In order to prevent cracks, the following measures are generally implemented in production:
1. Casting structure
When casting, it is essential to take into consideration various factors that affect the liquid and solid shrinkage of the casting, such as the structure, shape, large size, wall thickness, and transitions.
To prevent casting defects like shrinkage cavities and porosity, it is important to select appropriate process parameters.
The design of the casting’s pouring and riser system should be well thought out, and if using cold iron or other technological measures, the placement of the parts must be carefully considered to ensure the internal structure of the casting is compact and to avoid stress concentration.
2. Smelting
In the smelting process, it is advisable to reduce the content of harmful elements such as phosphorus (P) and sulfur (S), as well as gases and inclusions like nitrogen (N), hydrogen (H), and oxygen (O).

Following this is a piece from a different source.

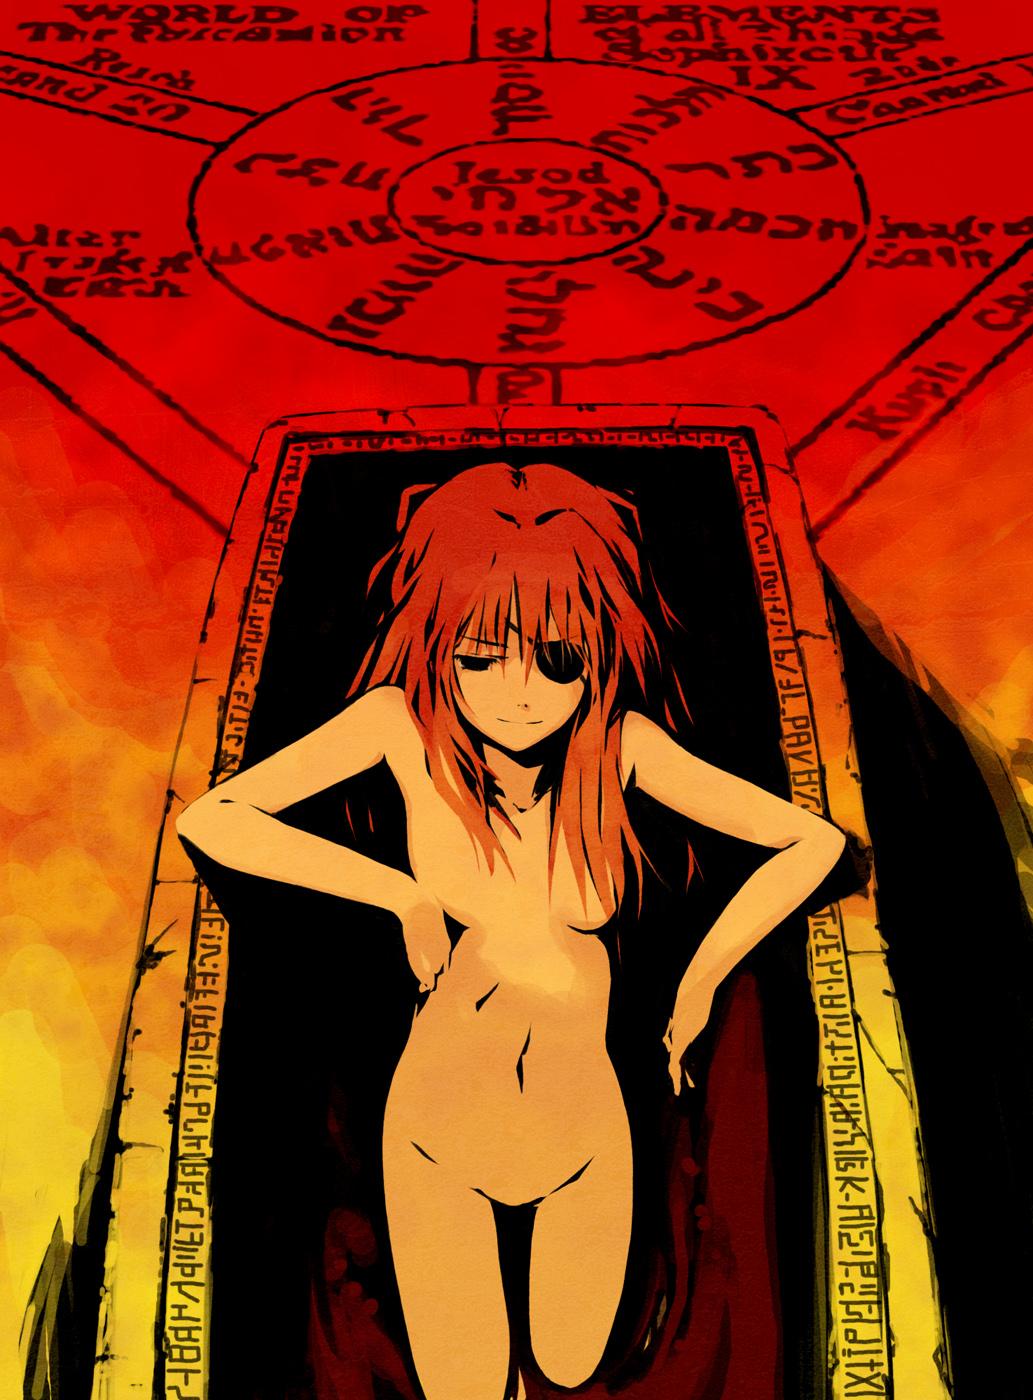 neon scene genesis nude evangelion Hands free ejaculation how to

Using a low-phosphorus steel master alloy can lead to good results.
3. Insulation
By appropriately extending the holding time of the casting in the sand mold, the aim is to control the cooling temperature below 70°C, ensuring that the casting fully undergoes liquid and solid shrinkage in the sand mold. This helps to avoid stress concentration caused by external forces.
4. Shake out
During the casting shake-out and sand cleaning process, it is imperative to avoid watering the sand molds and castings during shake-out. Additionally, strong external force impact methods such as box collision are strictly prohibited to prevent interaction between external force and internal stress of the casting, which could cause cracks.
5. Cutting riser
Based on the casting conditions, it is important to select the appropriate hot cutting and pouring riser process to ensure that the hot cutting start temperature is not below 300℃.
When performing the operation, the gas cutting gun and the oxygen blowing tube should be utilized with vibrational cutting.

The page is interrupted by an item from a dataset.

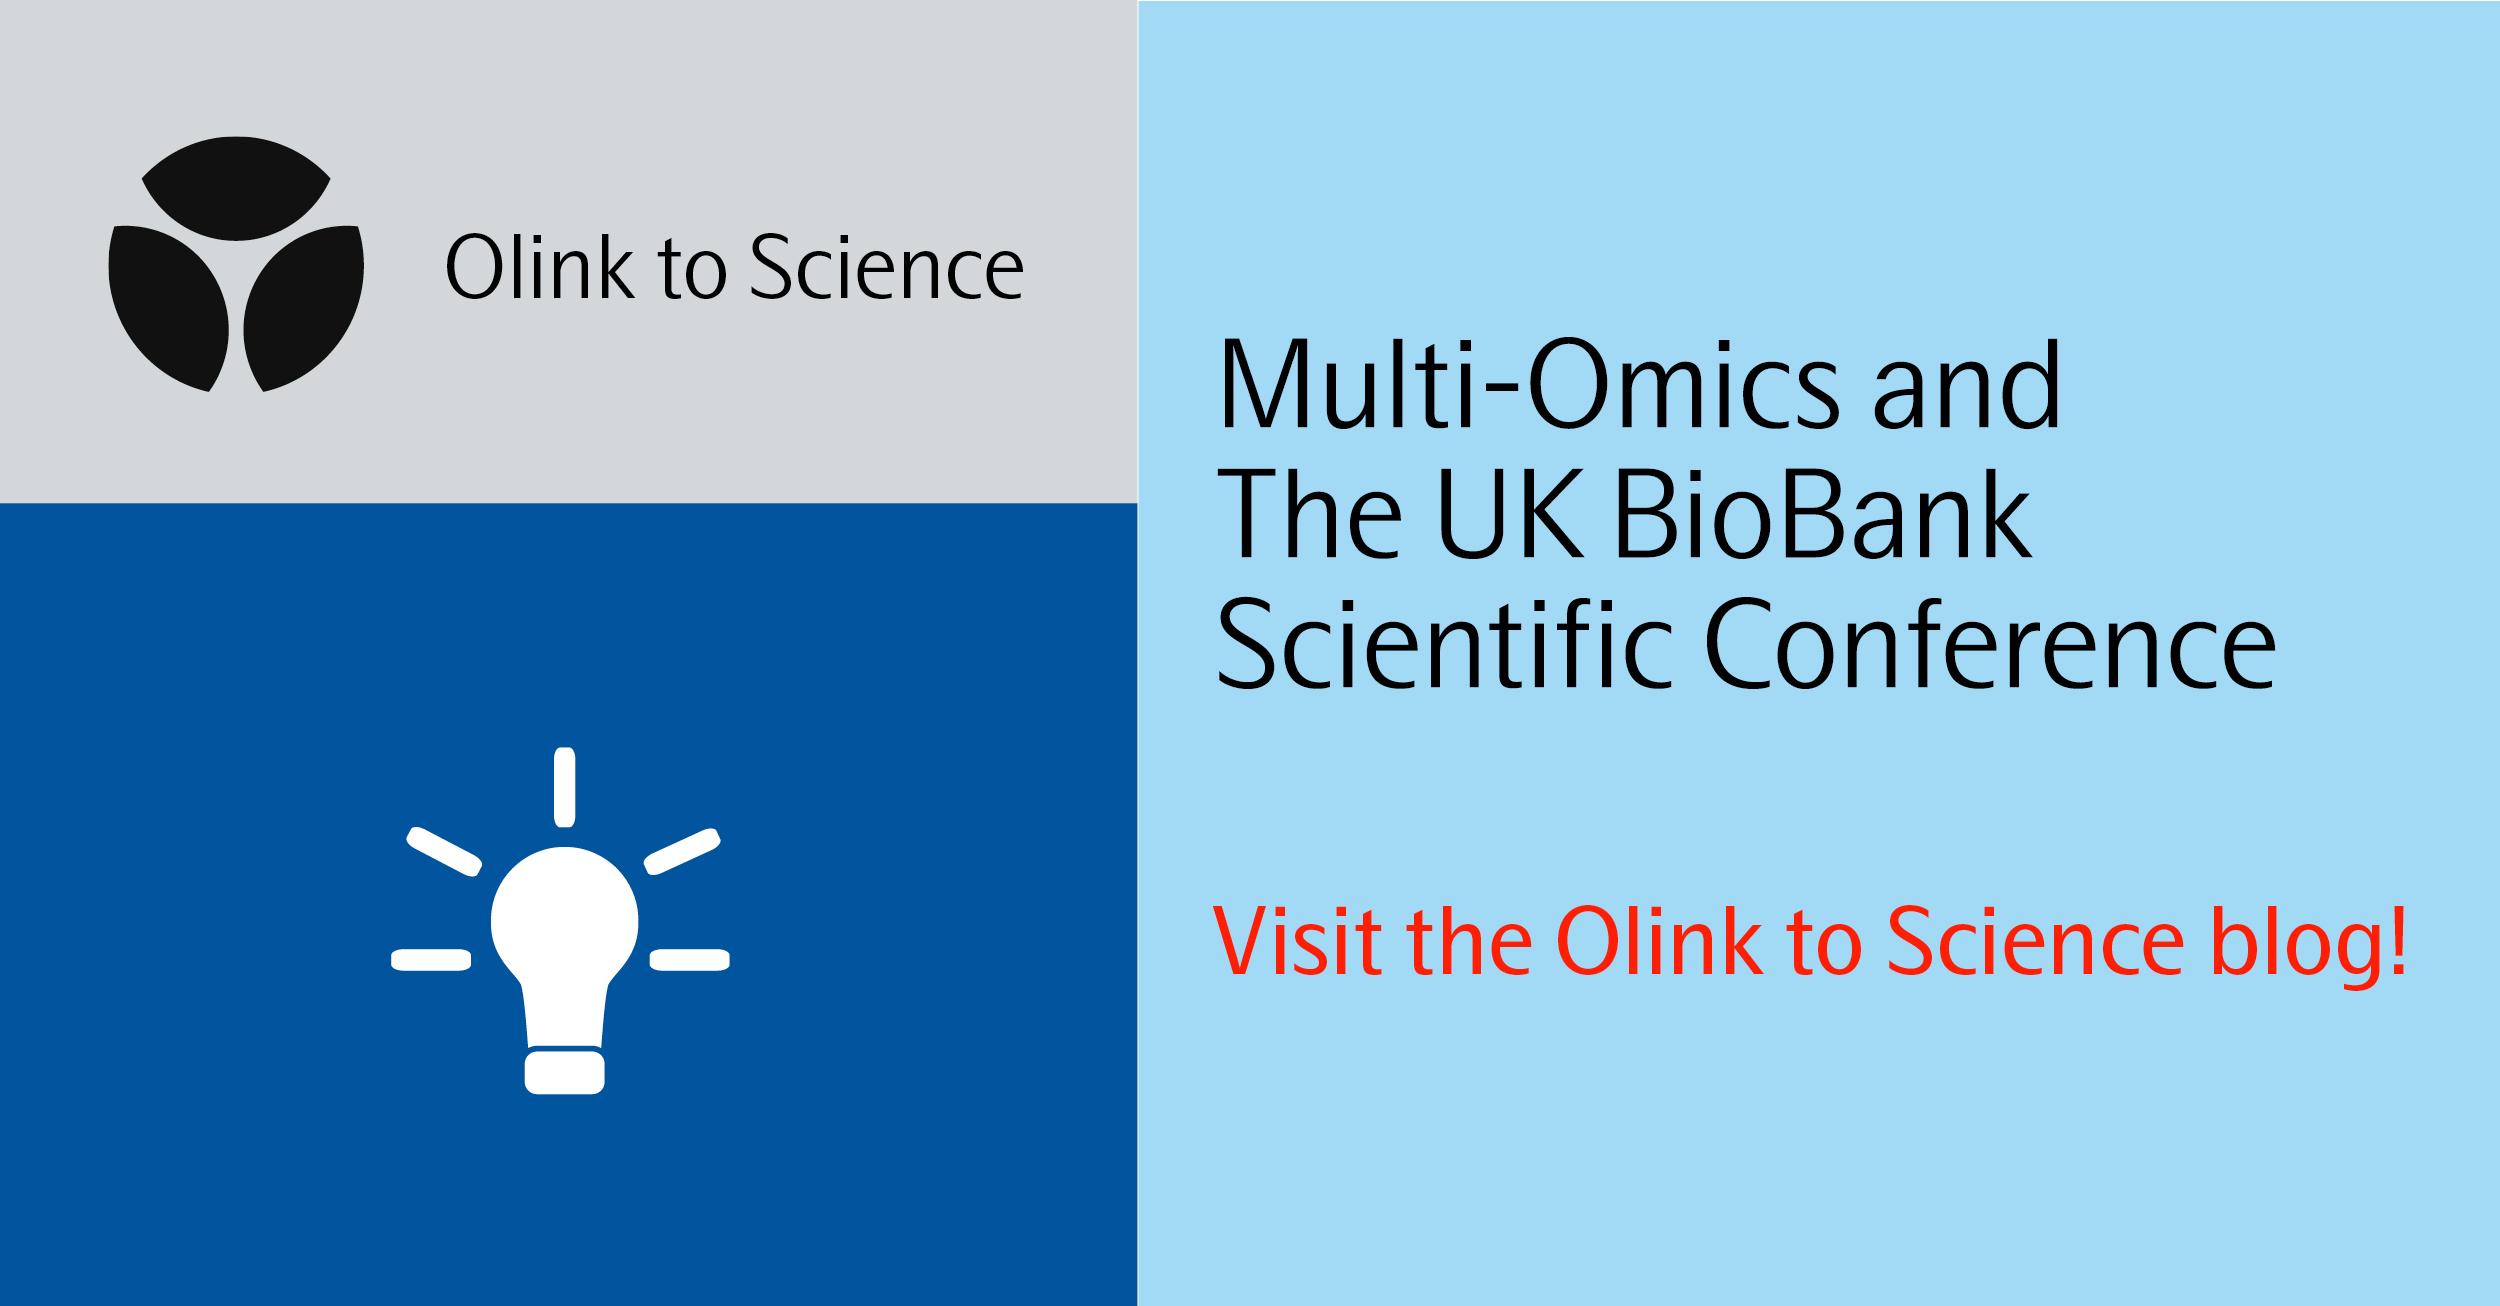 03 Multi-Omics and The UK BioBank Scientific Conference

It is important to cover the partition with asbestos cloth or to perform timely heat treatment in the furnace for important parts after gas cutting.
For castings such as crowns and axial blades that have complex structures, secondary thermal cutting is used with special measures taken in the process.
6. Preheating
When addressing defects in stainless steel castings, it is crucial to follow the principle of preheating.
During the blowing and welding process, the workpiece must be preheated to a temperature above 108°C before the operation takes place.
In the case of large crack defects, stress relief annealing should be carried out prior to treatment.
7. Increase annealing
For important stainless steel castings, it is necessary to incorporate a final stress relief annealing process and strictly control the holding time and furnace temperature.
The purpose of this process is to reduce new stress concentration generated during production, thoroughly eliminate the internal stress of the casting, and prevent cracks from occurring.